Abstract: Computer vision tasks, like supervised image classification, are effectively tackled by convolutional neural networks, provided that the architecture, which defines the structure of the network, is set correctly. Neural Architecture Search (NAS) is a relatively young and increasingly popular field that is concerned with automatically optimizing the architecture of neural networks. Previously known work shows that even though recent works typically develop increasingly complex search strategies for NAS, several do not significantly outperform simple approaches like randomly sampling from the search space on single-objective NAS tasks. Additionally, proper ablation studies are often missing, therefore it is uncertain which mechanisms are fundamental for algorithms to achieve excellent NAS performances. In the first part of this thesis, Local Search (LS) and Uniform Size Random Search (USRS), are proposed for multi-objective (MO) NAS, demonstrating that very simple algorithms can provide searching performances close to state-of-the-art evolutionary algorithms (EAs), while outperforming random search. The second part explores what mechanisms are essential for the Multi-Objective Gene-pool Optimal Mixing Evolutionary Algorithm (MO-GOMEA), a state-of-the-art model-based EA, to achieve excellent performances for searching NAS spaces. The automatic population-sizing scheme of MO-GOMEA offers a welcome anytime-performance, but objective space clustering has only a small beneficial impact. The number of clusters can be set arbitrarily. Extreme clusters can be enabled to the practitioner’s preference, resulting in different search behaviors. The improved performance gained by automatic linkage learning is limited, although it can be helpful on future, more complex search spaces.

Date: 8 September 2020

Speaker: Michelle Sweering
Title: String Sanitization under Edit Distance: Improved and Generalized

Let W be a string of length n over an alphabet Σ, k be a positive integer, and S be a set of length-k substrings of W. The ETFS problem asks us to construct a string X_ED such that:
(i) no string of S occurs in X_ED;
(ii) the order of all other length-k substrings over Σ is the same in W and in X_ED; and
(iii) X_ED has minimal edit distance to W.
When W represents an individual's data and S represents a set of confidential patterns, the ETFS problem asks for transforming W to preserve its privacy and its utility [Bernardini et al., ECML PKDD 2019].

ETFS can be solved in O(n^2k) time [Bernardini et al., CPM 2020]. The same paper shows that ETFS cannot be solved in O(n^{2−δ}) time, for any δ>0, unless the Strong Exponential Time Hypothesis (SETH) is false. Our main results can be summarized as follows:
(i) an O(n^2log^2k)-time algorithm to solve ETFS; and
(ii) an O(n^2log^2n)-time algorithm to solve AETFS, a generalization of ETFS in which the elements of S can have arbitrary lengths.

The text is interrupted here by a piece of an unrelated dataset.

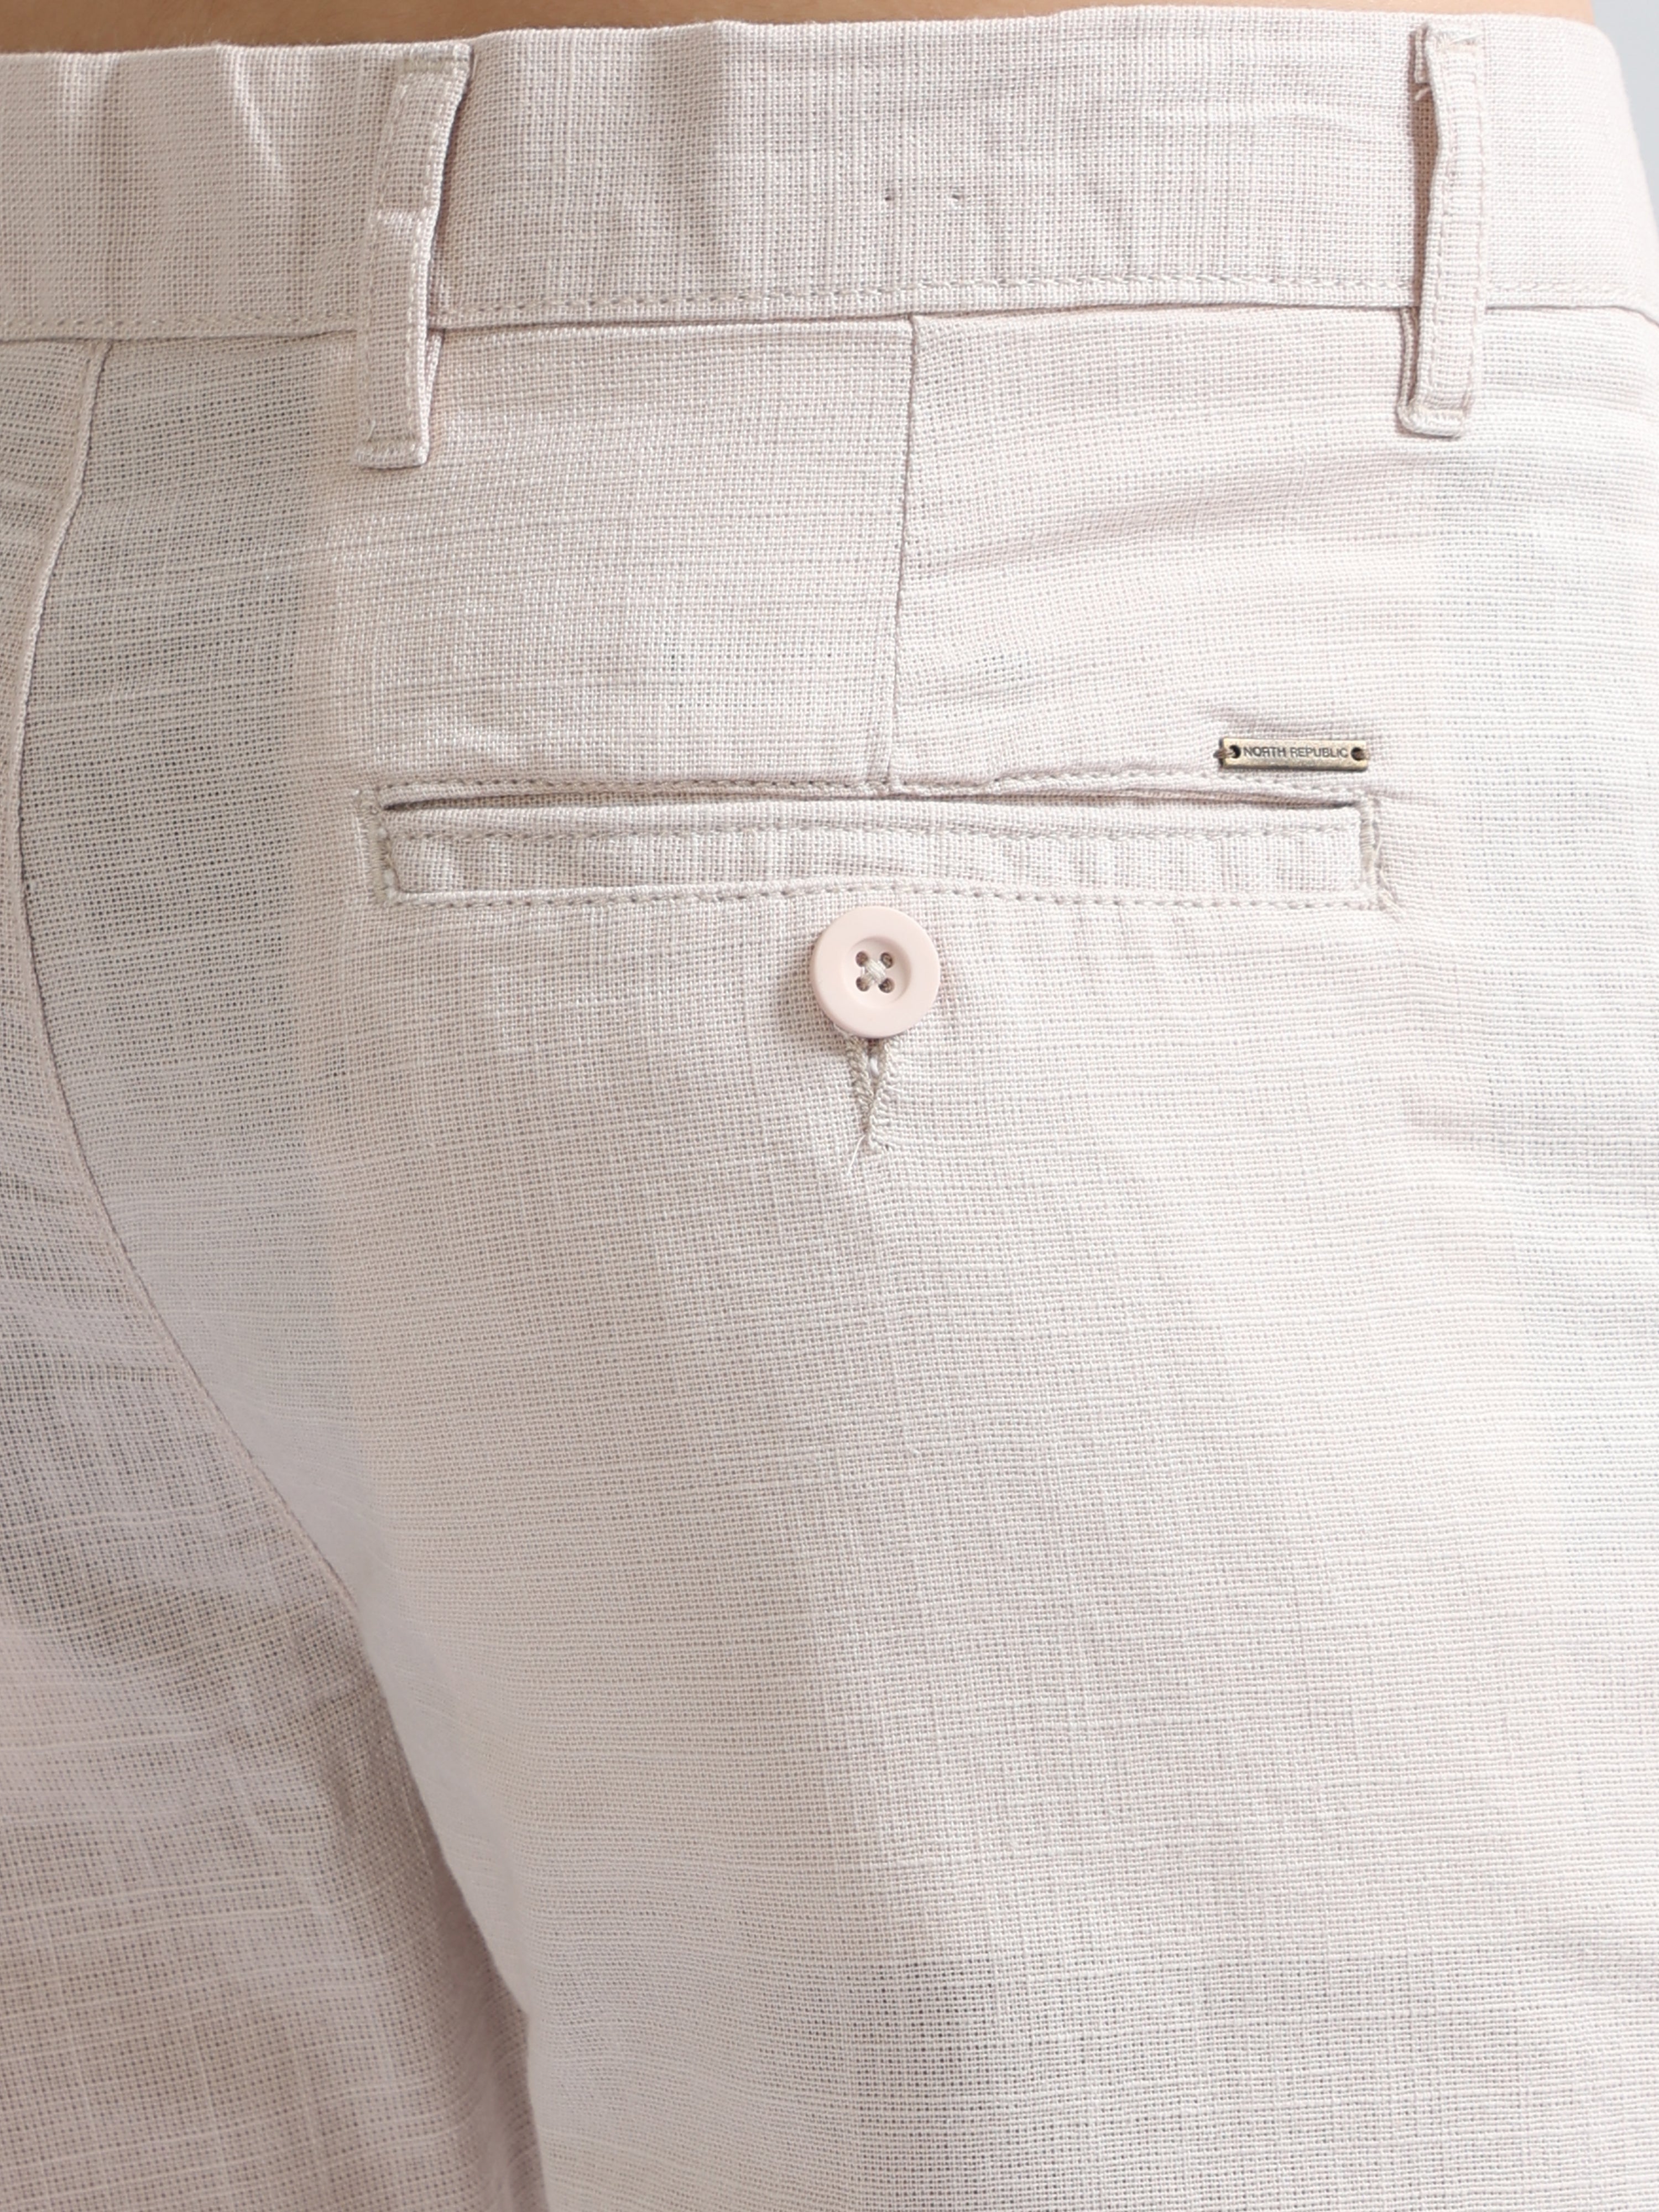 Buy Gap High Waisted Linen Cotton Blend Trousers from the Gap online shop

Our algorithms are thus optimal up to polylogarithmic factors, unless SETH fails. Let us also stress that our algorithms work under edit distance with arbitrary weights at no extra cost. As a bonus, we show how to modify some known techniques, which speed up the standard edit distance computation, to be applied to our problems. Beyond string sanitization, our techniques may inspire solutions to other problems related to regular expressions or context-free grammars.